本開示は、建物など構造物の内外壁表面の塗装を行うための塗装方法であり、特に水性塗料を上塗りに用いた塗装方法に関するものである。
従来、建物など構造物の内外壁表面には、その表面の美装と保護の目的で、塗料を用いて塗装されることが多い。又、板材の表面を塗料により塗装された壁板材により壁面を構成することも多い。
このような場合のその最終の仕上げに用いられる塗料により、その塗装面の仕上がりや性能が決まることになる。

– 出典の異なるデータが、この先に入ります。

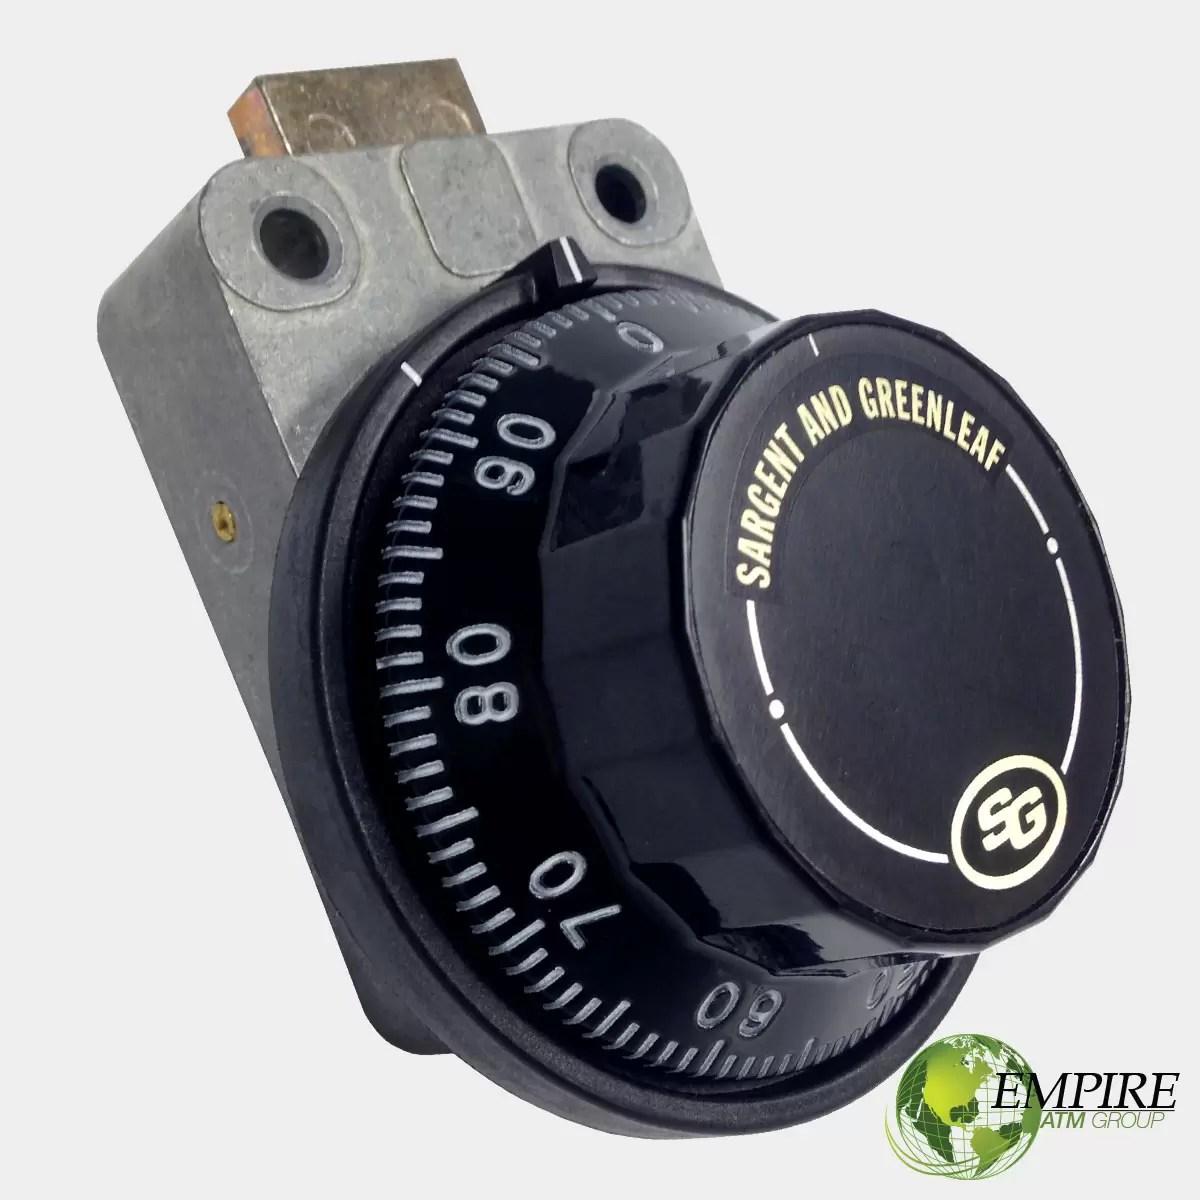 Universal Dial Lock
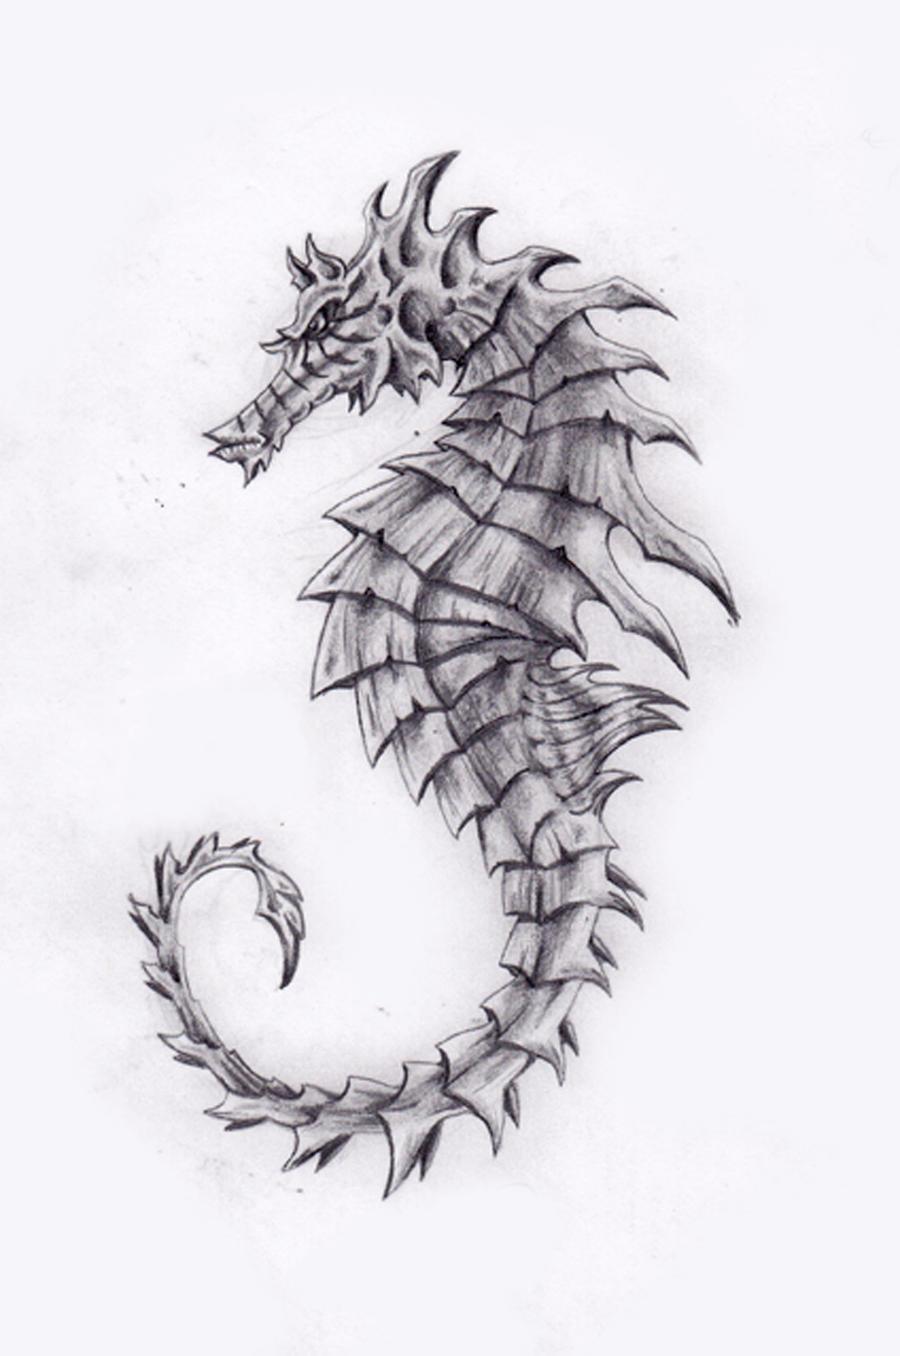 Seahorse by roerjm on DeviantArt

この仕上がりには、光沢面や艶消し面に仕上げることなど塗装された壁面の外観に関わるものである。
性能では、その塗料により形成された塗膜の耐候性などの耐久性能や塗膜の柔らかさを調整することで、汚れが着き難くいものや汚れを雨により流れさせる親水性塗膜などがある。
しかし、このような最終の仕上げに用いられる塗料に各種性能を付加した場合であっても、その塗料が均一に塗られない場合では、その性能を十分に発揮することができないこともある。
特に、水性塗料の場合であっては、最終の仕上げに用いられる最外部の塗料を塗装した時にその前処理などの影響で、その塗料のハジキなどにより形成される塗膜に欠損を生じることがある。
この前処理には、塗装対象の基材などの均質化、その基材からの影響や基材への影響などを防止すること、基材と仕上げ塗材の密着性の向上などのためにシーラー、プライマーなどの下塗材を塗付してから最終仕上げ塗料を塗装する方法が行われている。
この下塗材には、その必要性能に応じ数々ある。その中でも特許文献1に記載されているような下塗材組成物を使用することがある。
これは、溶剤形並みの下地への浸透力を持ち、初期より各種の被塗物への密着性に優れた下塗材であり、水性でありながら、溶剤形並みのシール性を持ったもので、水性,溶剤形を問わず幅広い仕上げ塗材との密着性に優れ、溶剤形の仕上げ塗材を塗装した場合でもリフティングの問題を発生しない下塗材組成物である。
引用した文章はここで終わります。